Activity:
Could you give again exactly, and only, the lines from the one holding "Kristi Richards" through the end of the data, both ends included, with pictures left out?

Dataset extract:
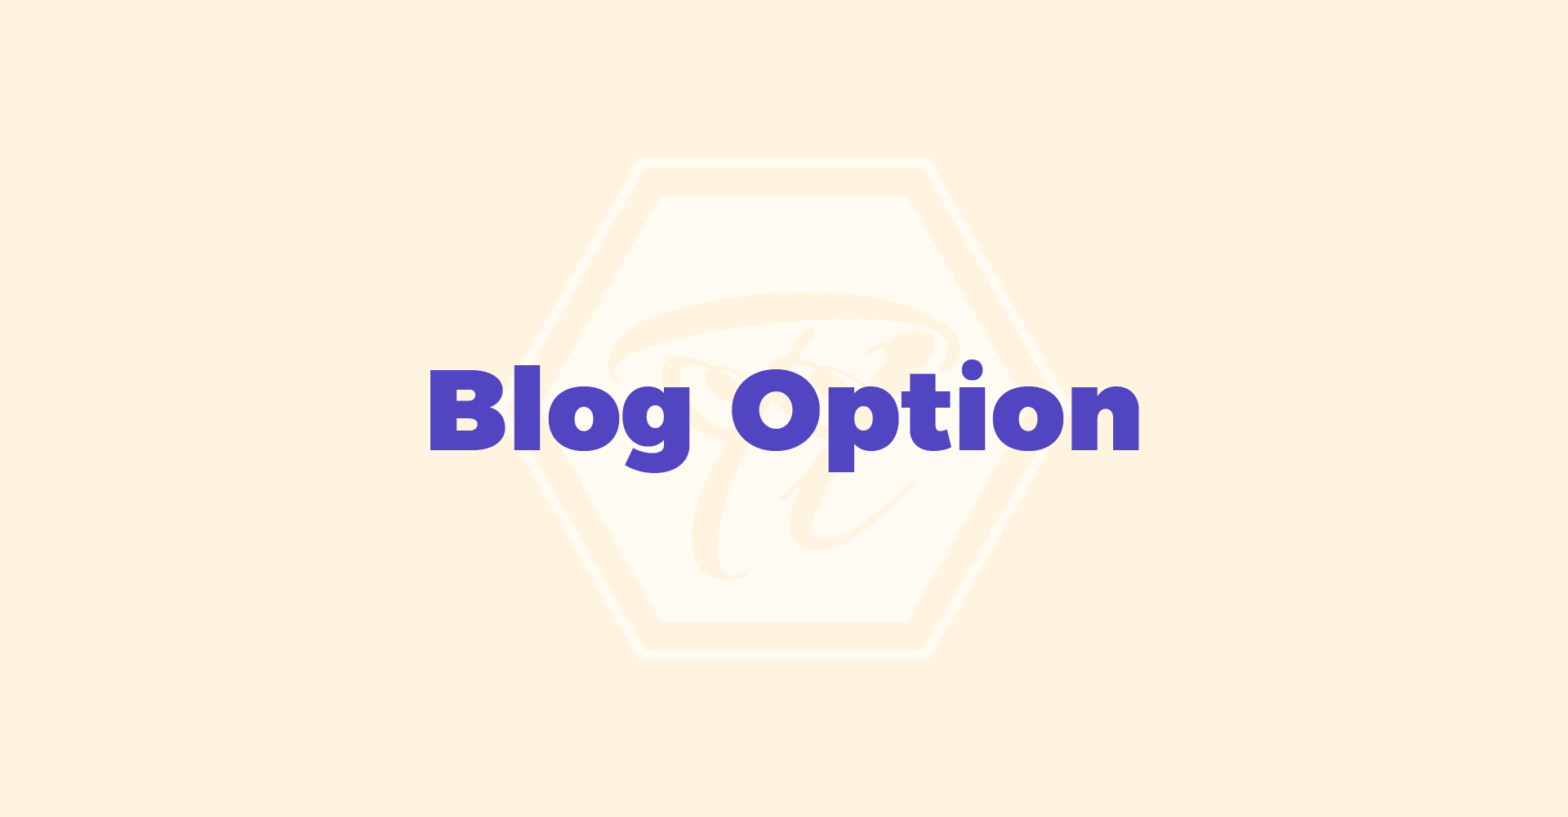 blog_option 4 1568x817
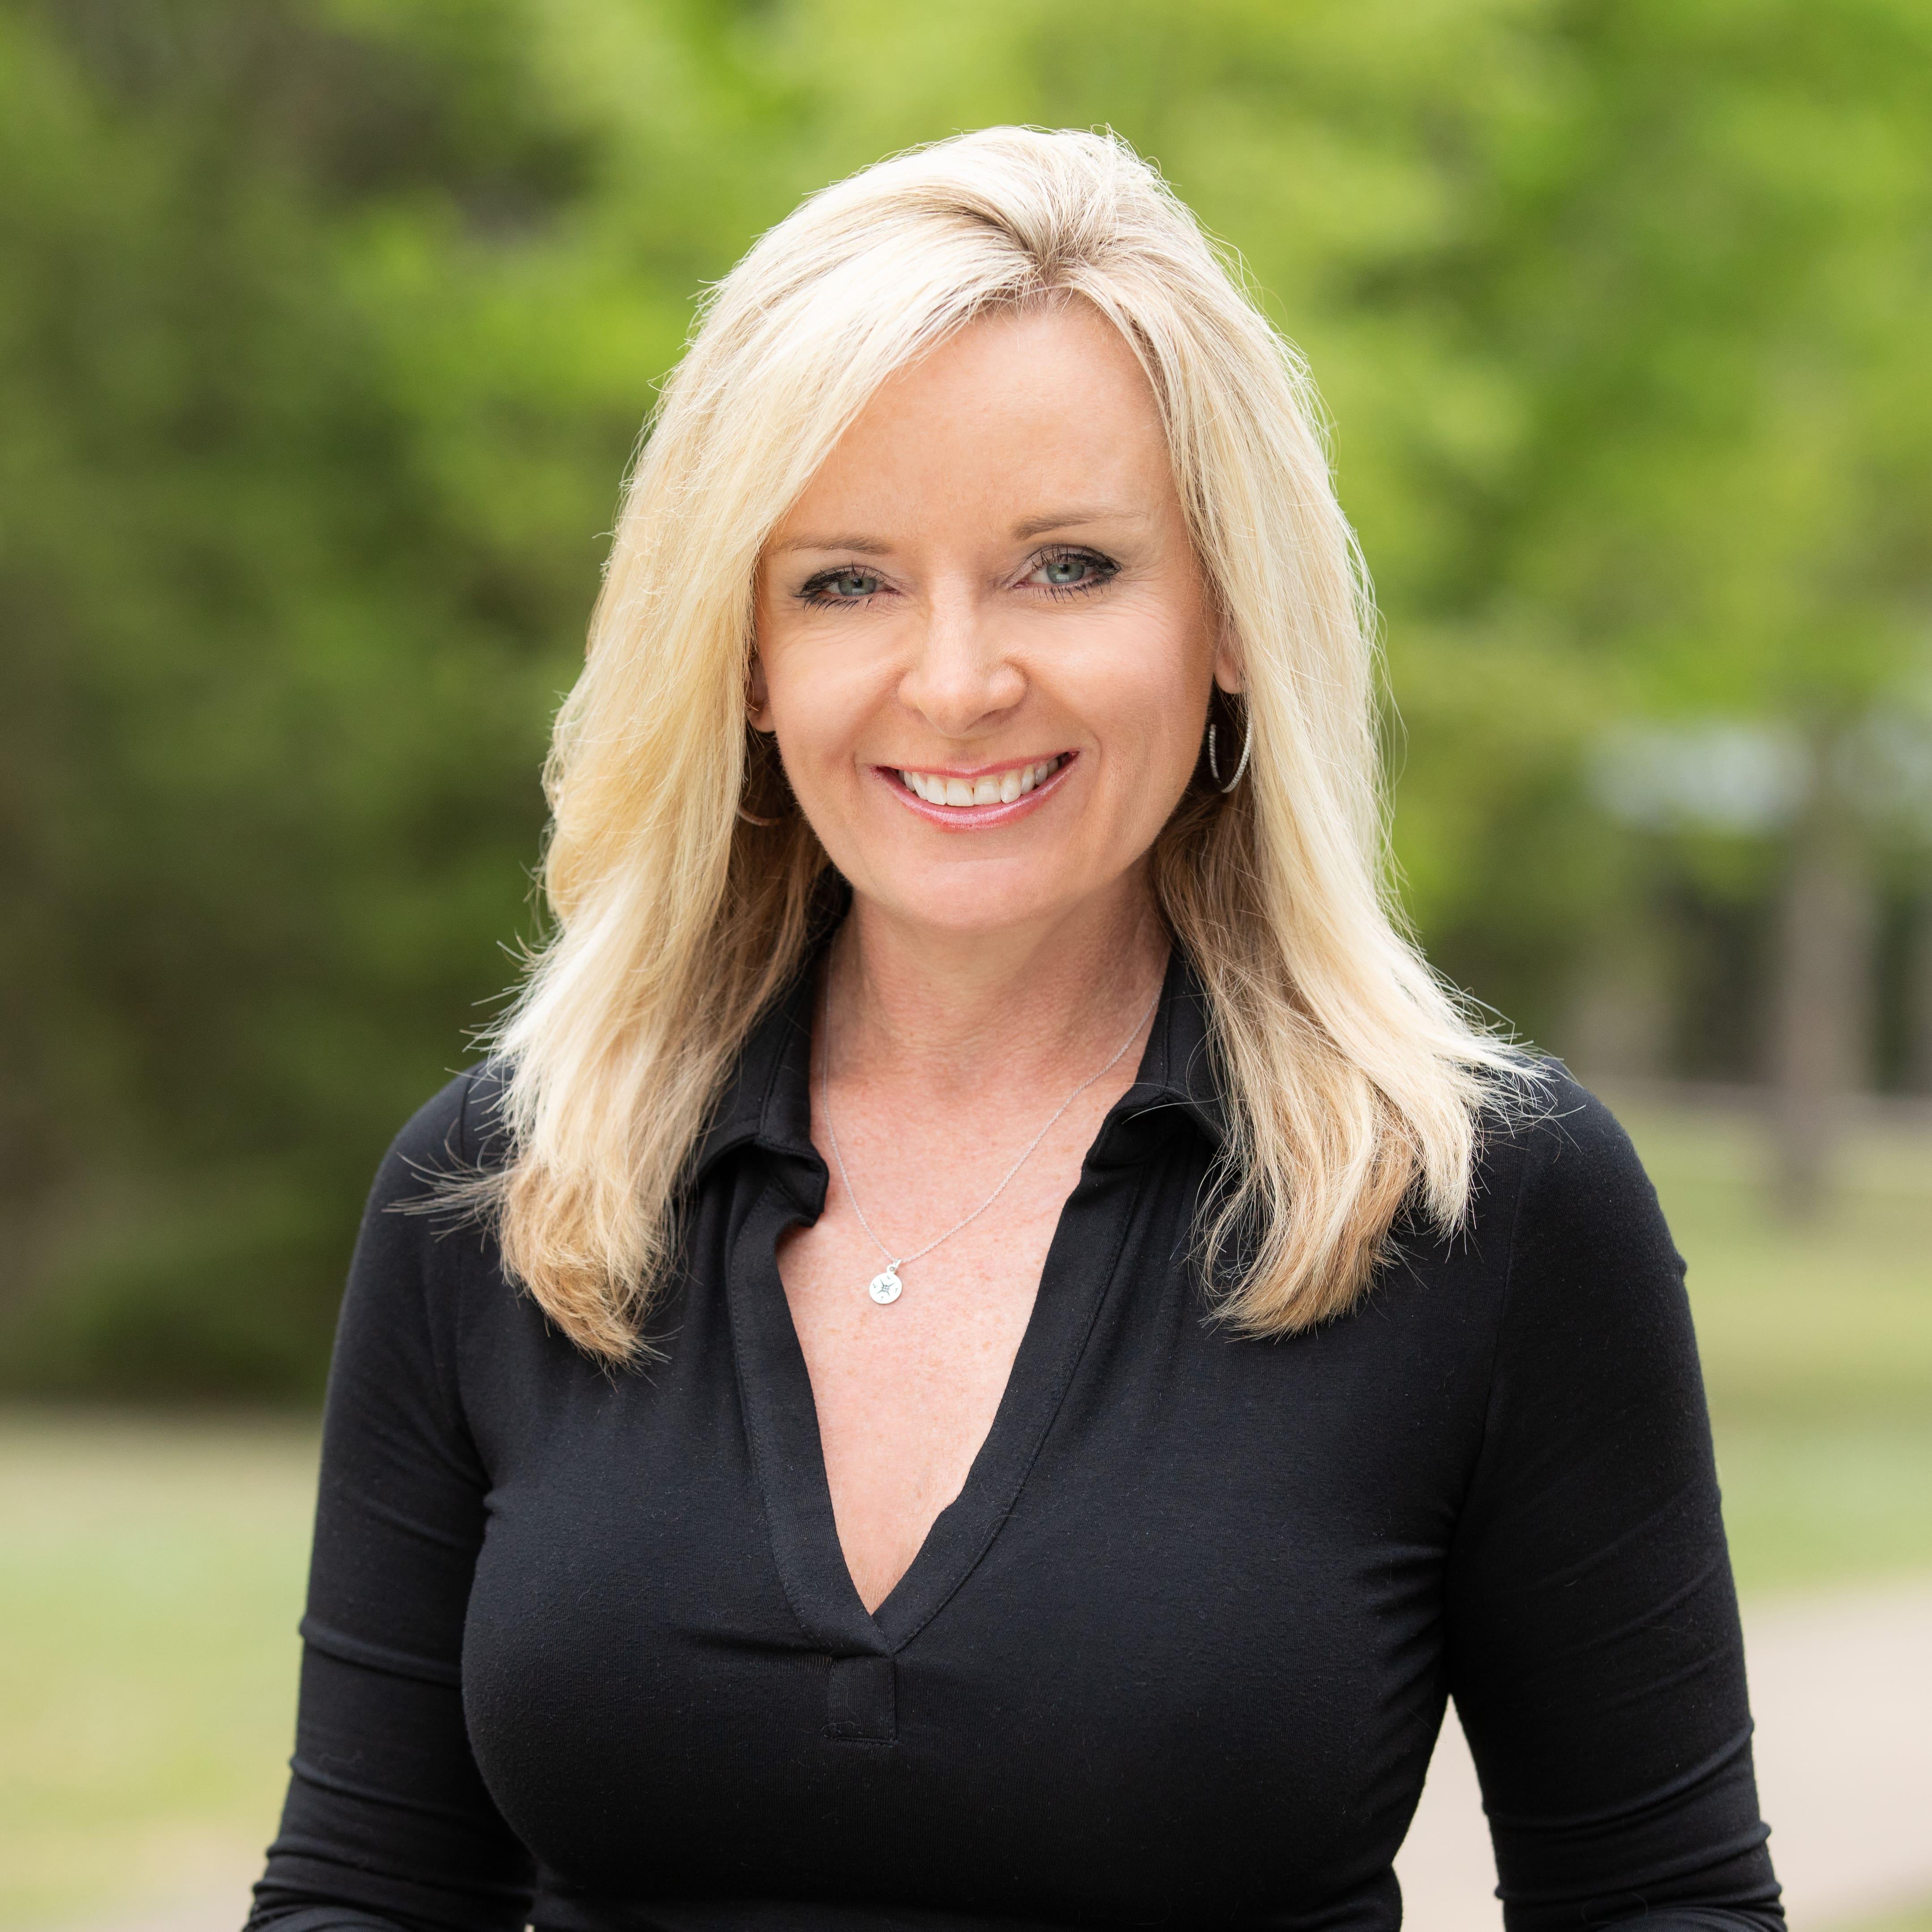 Kristi Richards
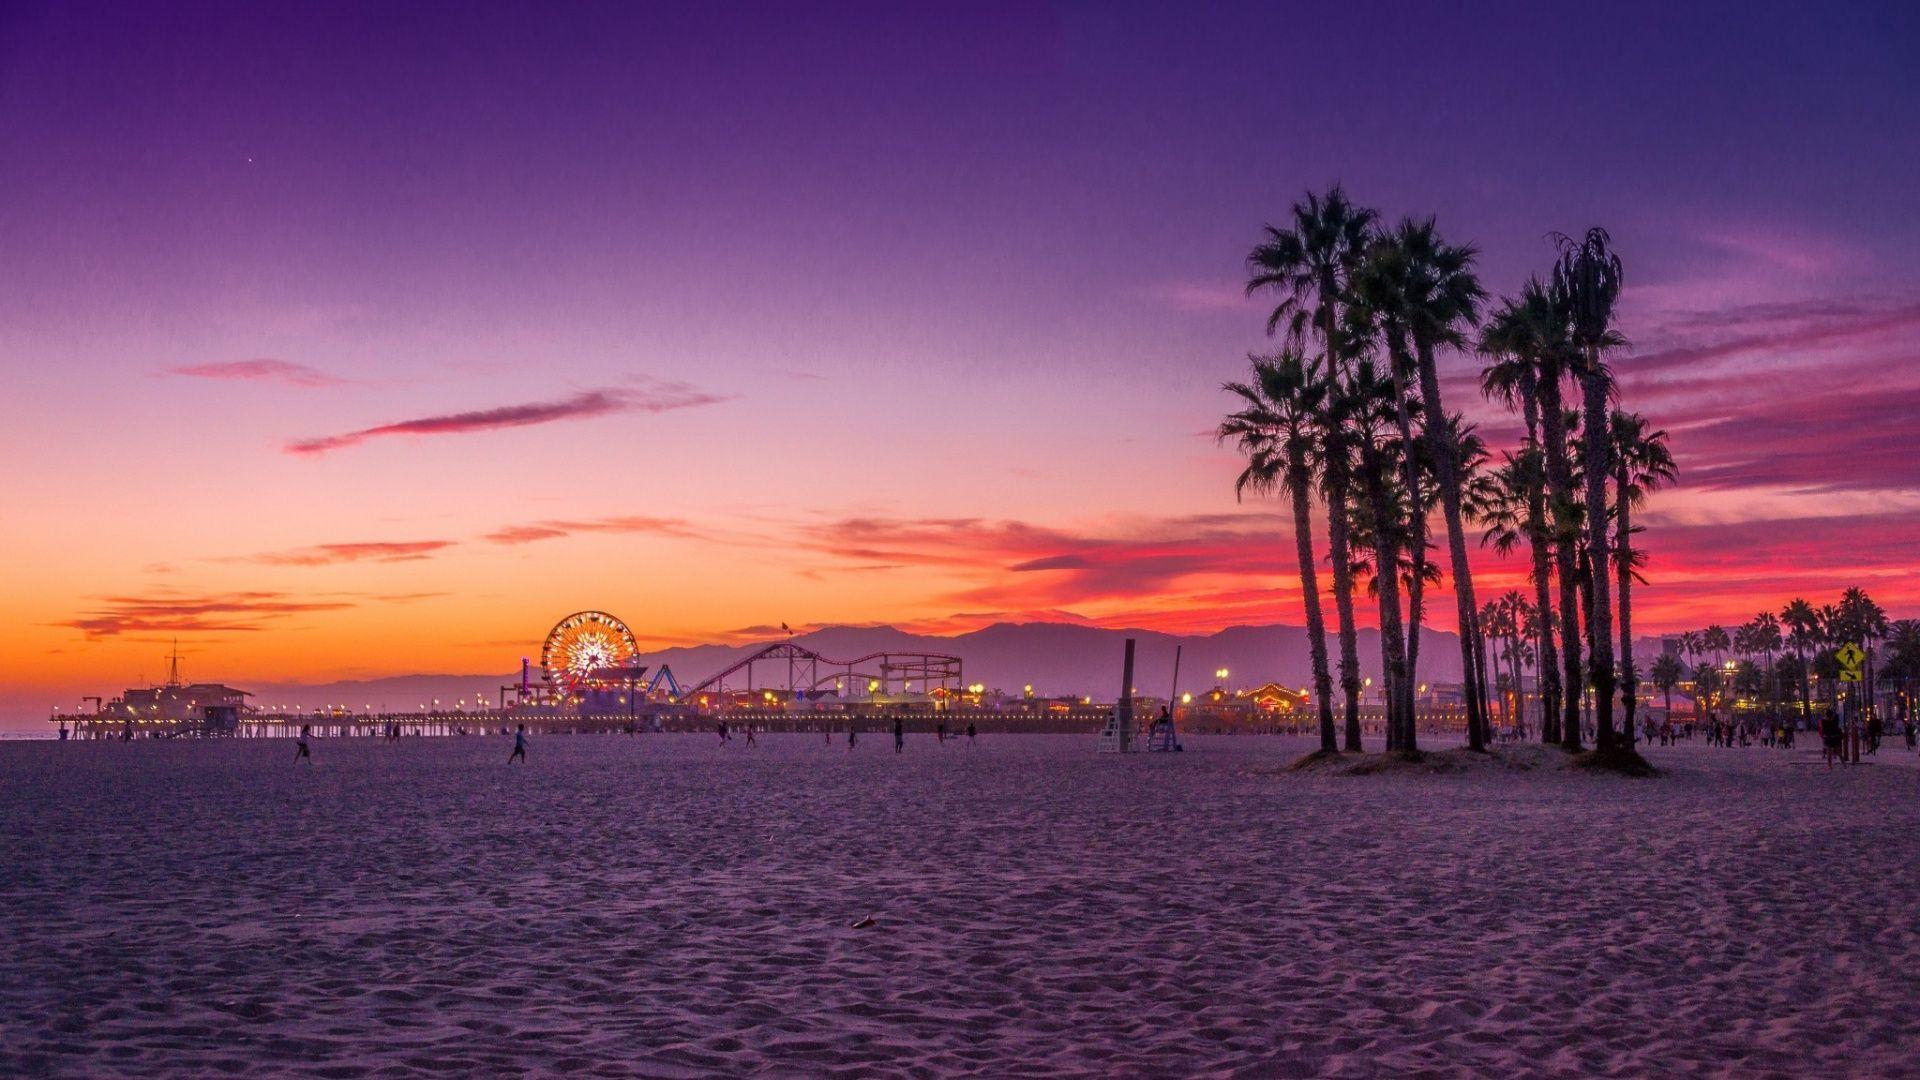 California Wallpapers Top Free California Backgrounds

Response area:
 Kristi Richards
 California Wallpapers Top Free California Backgrounds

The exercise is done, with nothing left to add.